Now from Ito integral for deterministic integrands in the previous blog we can write that- \[\mathbb{X(t)}\ =\ \mathbb{\int_{0}^{t}e^{-\beta\ s}\ dW(s)}\ \sim \mathbb{N(0, \int_{0}^{t}e^{-2\beta\ s}\ ds)}\ \equiv \mathbb{N(0,\frac{1}{2\beta}\ (e^{2\beta t}-1))}\]
Therefore- \[\mathbb{R(t)}\ \sim \mathbb{N(\mathbb{e^{-\beta t}\ R(0)}\ +\ \mathbb{\frac{\alpha}{\beta}\ (1-e^{-\beta t})}\ , \frac{\sigma^2}{2\beta}(1- e^{-2\beta t}) )}\]
Since \(\mathbb{R(t)}\) follows a Normal distribution, \(\mathbb{\Pr[R(t) < 0]} > 0\).

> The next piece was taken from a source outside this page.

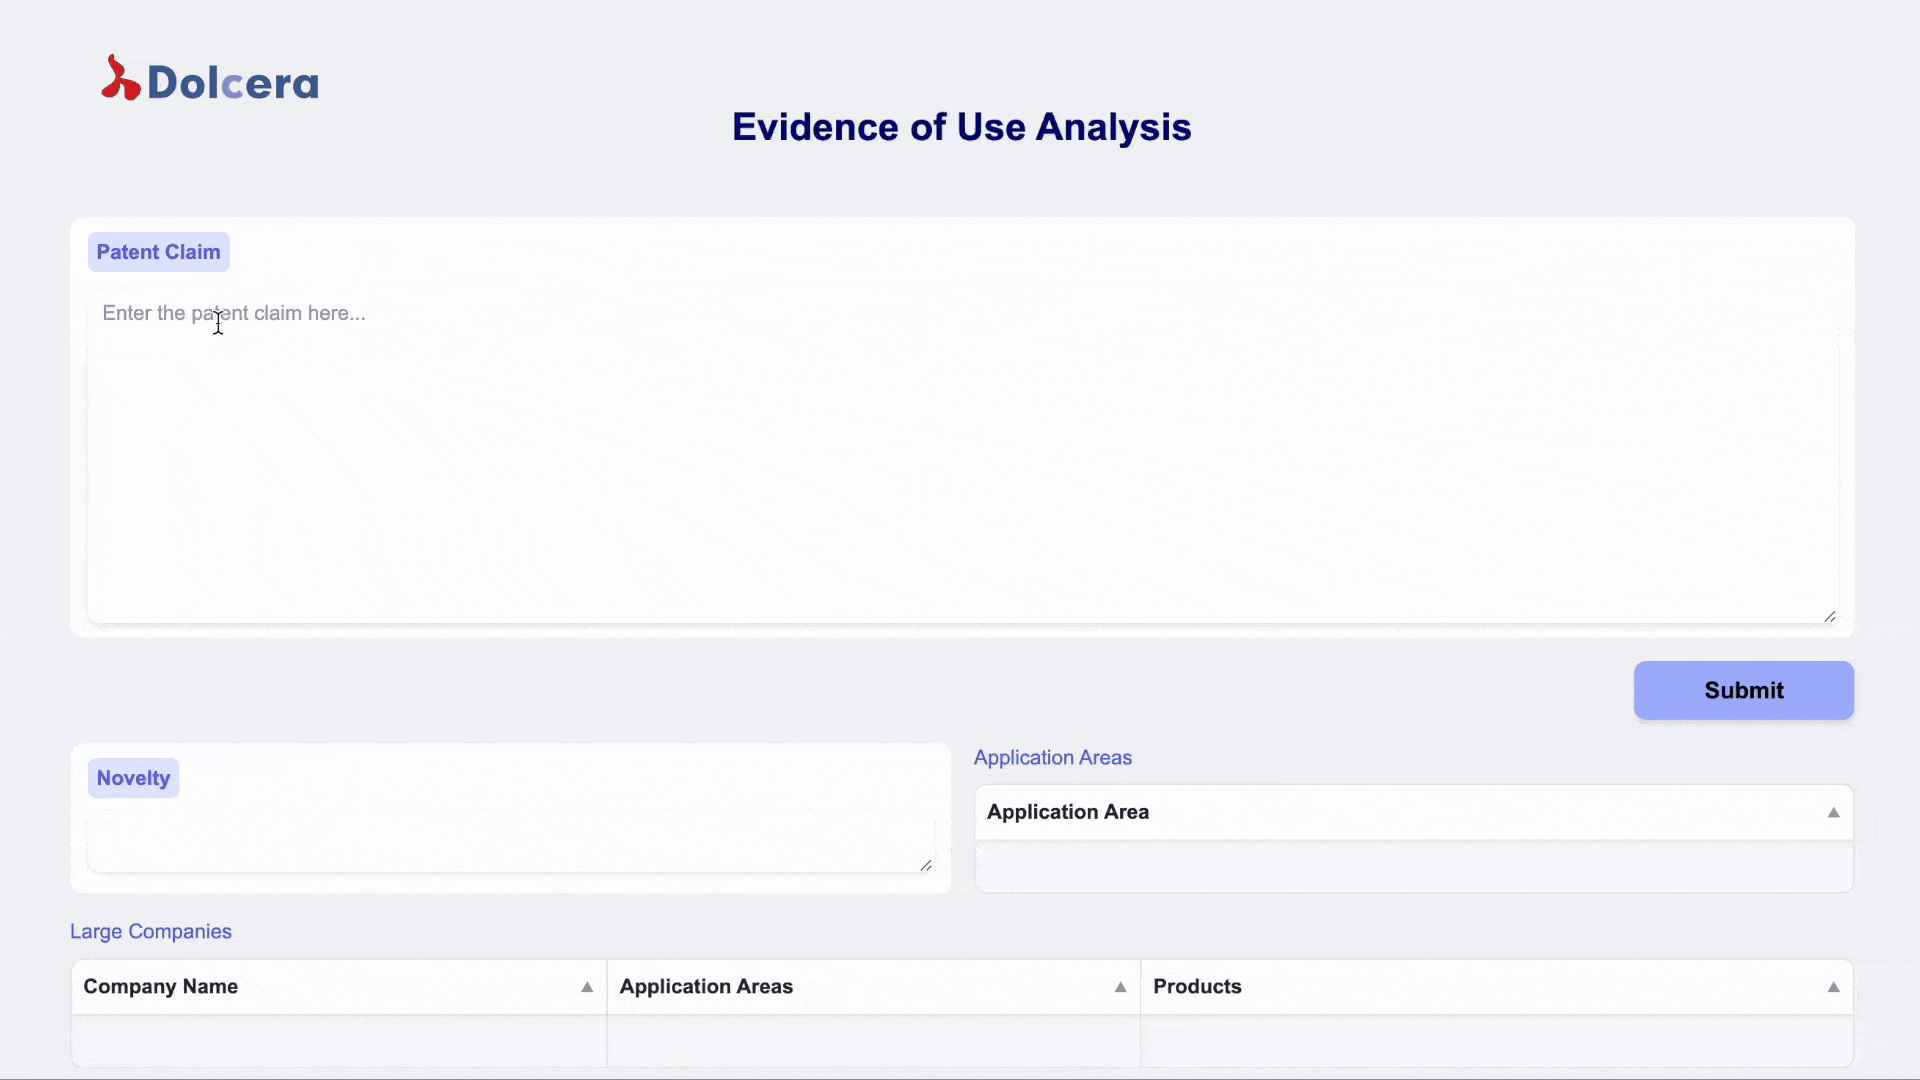 The Evidence of Use

An interest rate taking negative value with positive probability, not good for a interest rate model.
But the Vasicek model has an interesting property; the interest rate is mean-reverting.
i.e. if \(\mathbb{R(t)} = \frac{\alpha}{\beta}\), the drift term (the term multiplied to \(\mathbb{dt}\)) is zero.
So if \(\mathbb{R(t)} > \frac{\alpha}{\beta}\), the drift term is negative. So it pushes \(\mathbb{R(t)}\) down to \(\frac{\alpha}{\beta}\).
And if \(\mathbb{R(t)} < \frac{\alpha}{\beta}\), the drift term is positive, it pushes \(\mathbb{R(t)}\) back to \(\frac{\alpha}{\beta}\).
So ultimately we have-
If \(\mathbb{R(0)} = \frac{\alpha}{\beta}\), then \(\mathbb{E[R(t)|\ F(0)]} = \frac{\alpha}{\beta}\) for all \(\mathbb{t \geq 0}\).
If \(\mathbb{R(0)} \neq \frac{\alpha}{\beta}\), then \(\mathbb{\underset{t \rightarrow \infty}{\lim}\ E[R(t)]} = \frac{\alpha}{\beta}\).
Now that we have seen Vasicek model and understood it’s merits more importantly it’s demit which is- \(\mathbb{\Pr[R(t) < 0]} > 0\), we can improve the model. This improved model is CIR interest rate model which I will tell you in the next blog.